Невидимки
Шрифт:
Это не единственный метод. Хирурги могут сломать и другие ваши кости, например, длинные трубчатые кости ваших рук или ног. Их внутренность наполнена мягкой губчатой массой.
Это слово применяют хирурги. И авторы специальных медицинских книг. Губчатая.
– Моя мама, - говорит Манус, - и ее новый муж - она часто выходит замуж, - они купили эту квартиру во Флориде. В кондоминиуме "Боулинг-Ривер". Люди, не достигшие шестидесяти, не имеют права приобретать в нем собственность.
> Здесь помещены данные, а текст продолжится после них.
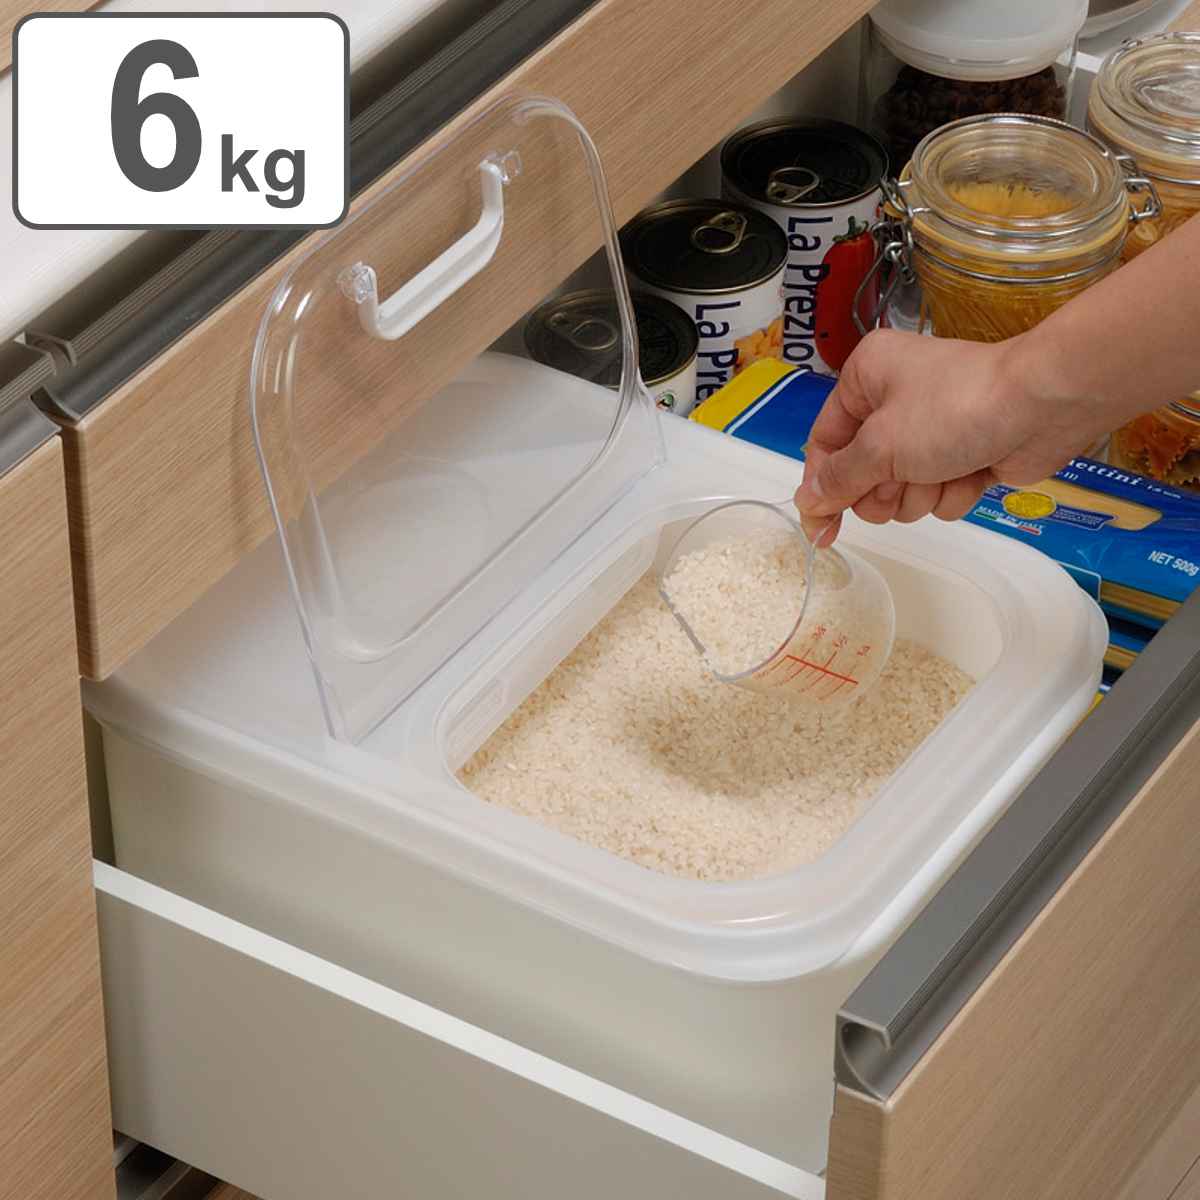 米びつ 気くばり米びつ 6kg ライスボックス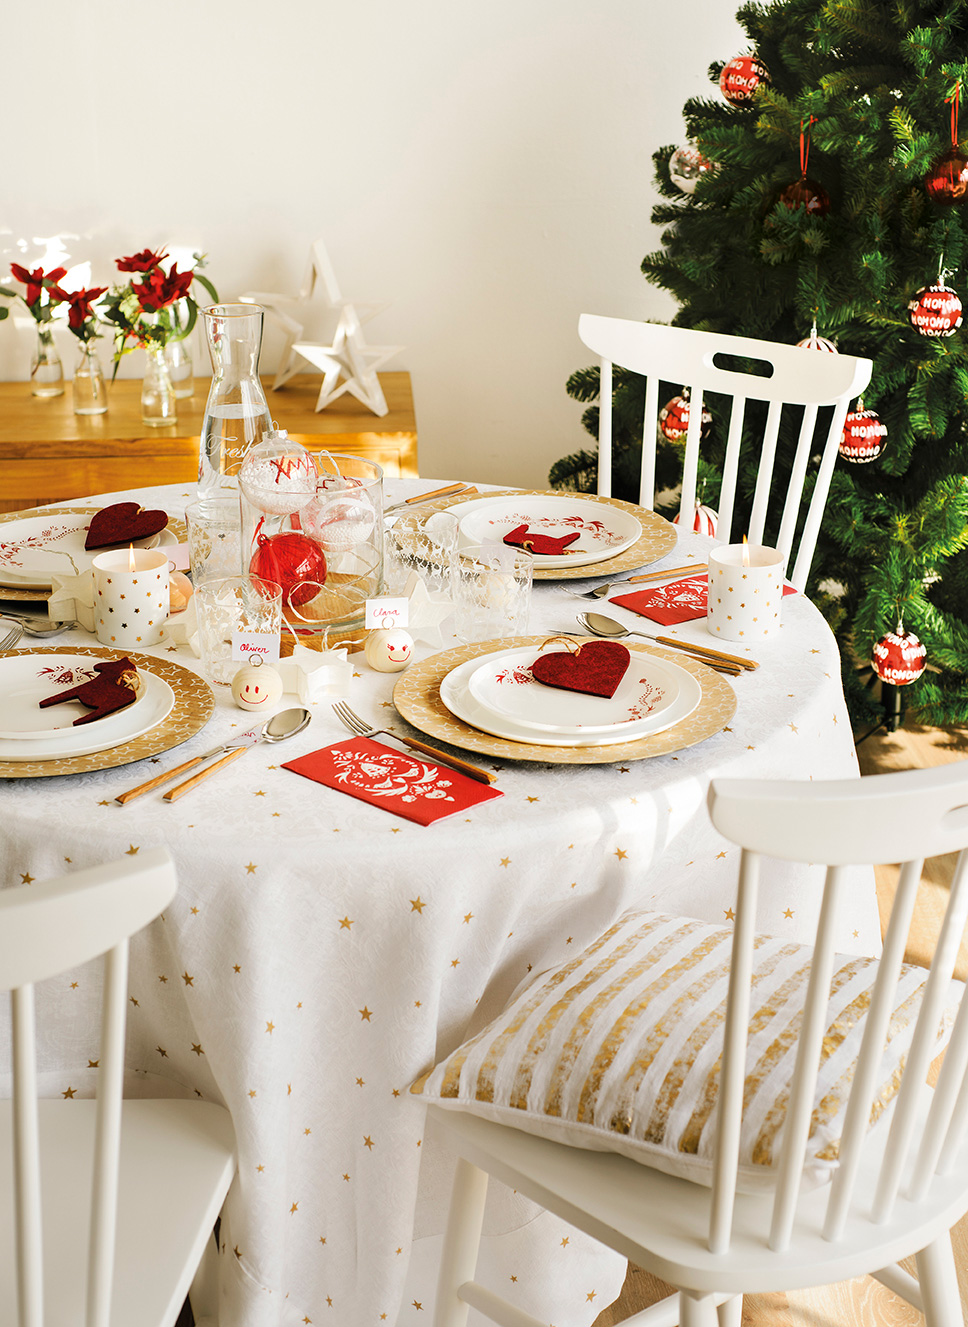 00444896. Mesa del comedor decorada en blanco, dorado y rojo junto al árbol de Navidad_00444896

Таков действующий там закон.
Я
Она все еще играет роль чрезмерно остро реагирующей на разные глупости мамочки - стоит перед Ману-сом на коленях и гладит его по голове.
Я перевожу взгляд туда, где из-за ближайшего к нам утеса можно увидеть окна домов внизу, светящиеся синим телевизионным сиянием. Синий цвет Тиффани. Синий цвет валиума. Все люди сидят в плену.
Сначала моего жениха похищает у меня лучшая подруга. А теперь и брат.
– Я ездил к ним на Рождество в прошлом году, - продолжает рассказывать Манус.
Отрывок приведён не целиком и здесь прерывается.